Zhou Xuexi (周学熙 (Chou Hsüeh-hsi), January 12, 1866 in Jinling – September 26, 1947 in Beijing) was an industrialist of northern China who served as the Minister of Finance for the Beiyang Government of Republic of China from July 1912 to May 1913, and from January 1915 to March 1916. He was closely associated with Yuan Shikai and by Yuan's death in 1916 Zhou was the most important financier and industrialist in northern China.

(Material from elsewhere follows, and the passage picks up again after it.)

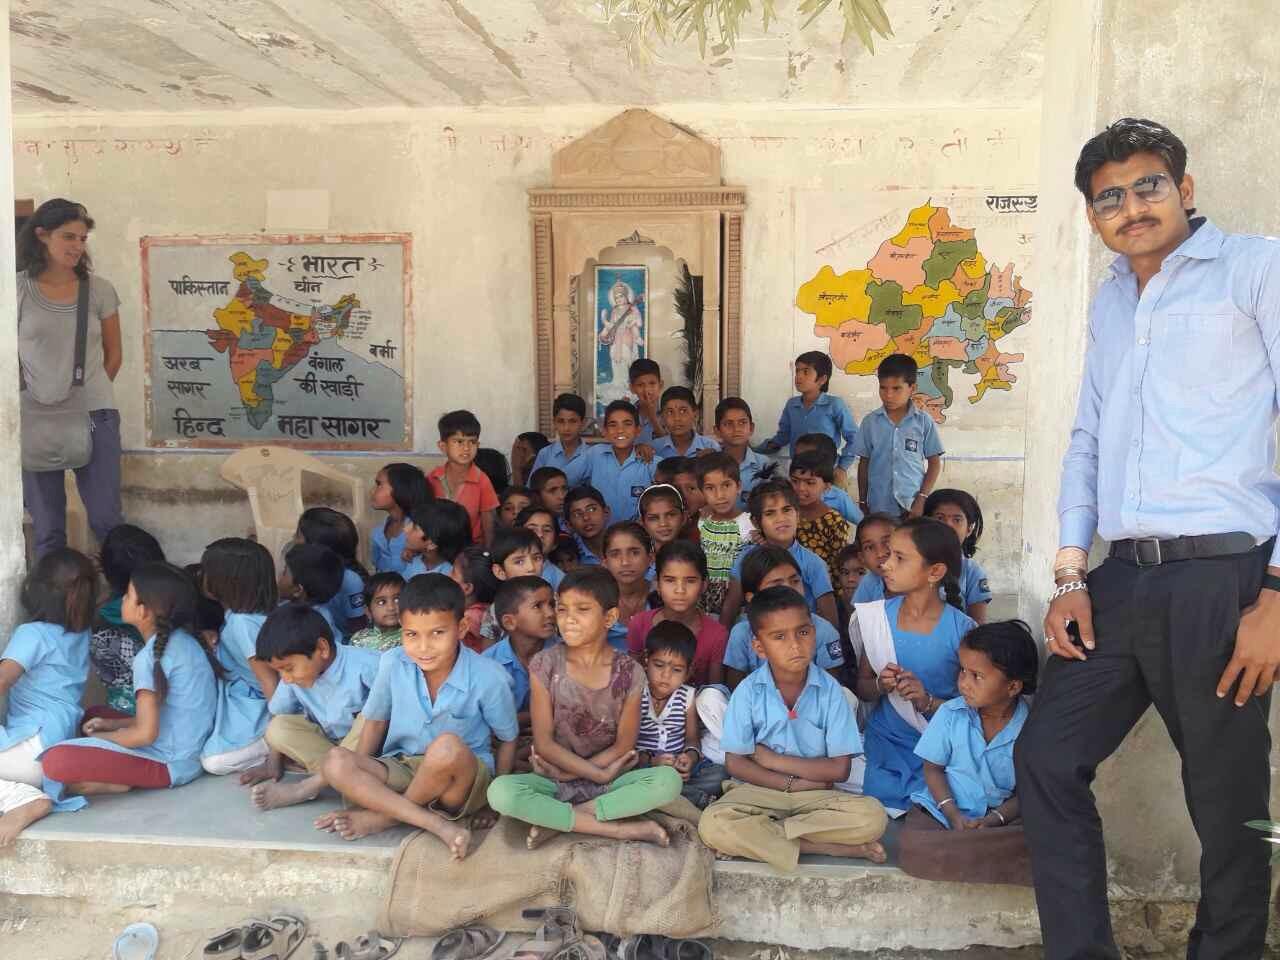 Hari visiting the children at school
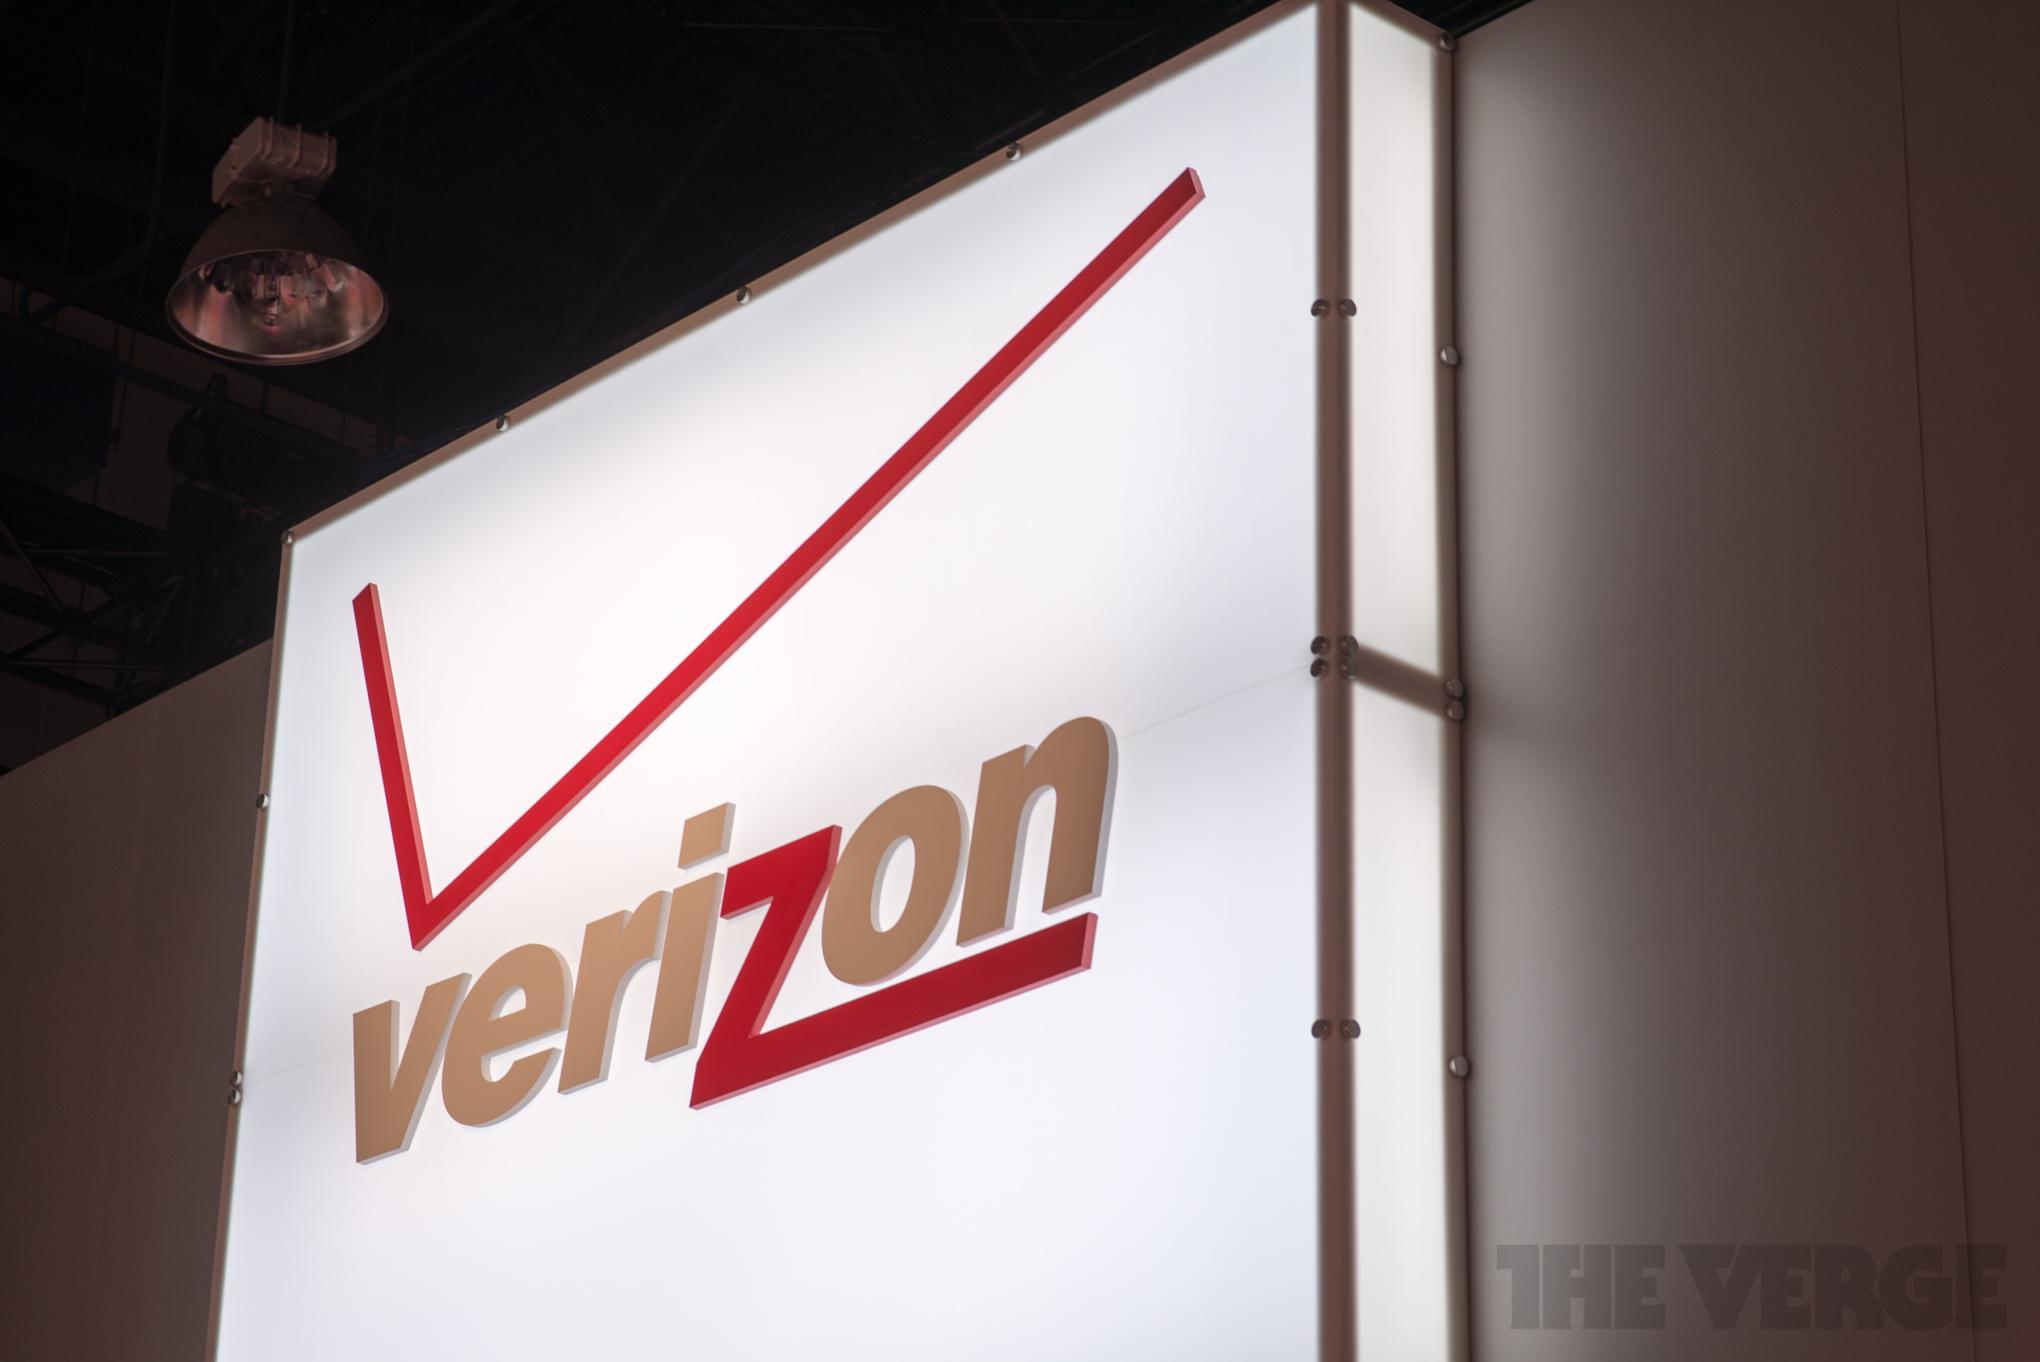 How do you get on Verizon's do not call list?

He founded and/or led the following institutions/companies:

- 1901, Shandong University
- 1903, Hebei University of Technology
- Beiyang Bureau of Industry
- Kaiping Mines - merged with Luanzhou in 1912, renamed Kailuan
- 1906, Chee Hsin (Qixin) Cement Co.
- 1907, Luanzhou Mining
- Tientsin Official Bank
- 1908 Jingshi Water Works (now Beijing Water Works)
- 1916, Hua Hsin (Wah Hsing; Hua Xing) Cotton Spinning and Weaving Co.
- 1919, National Industrial Bank of China
- 1921, Pu Yu Machinery Co.
- 1923, Hua Hsin Bank

Zhou Xuexi was the fourth son of Zhou Fu, a late Qing high-ranking official.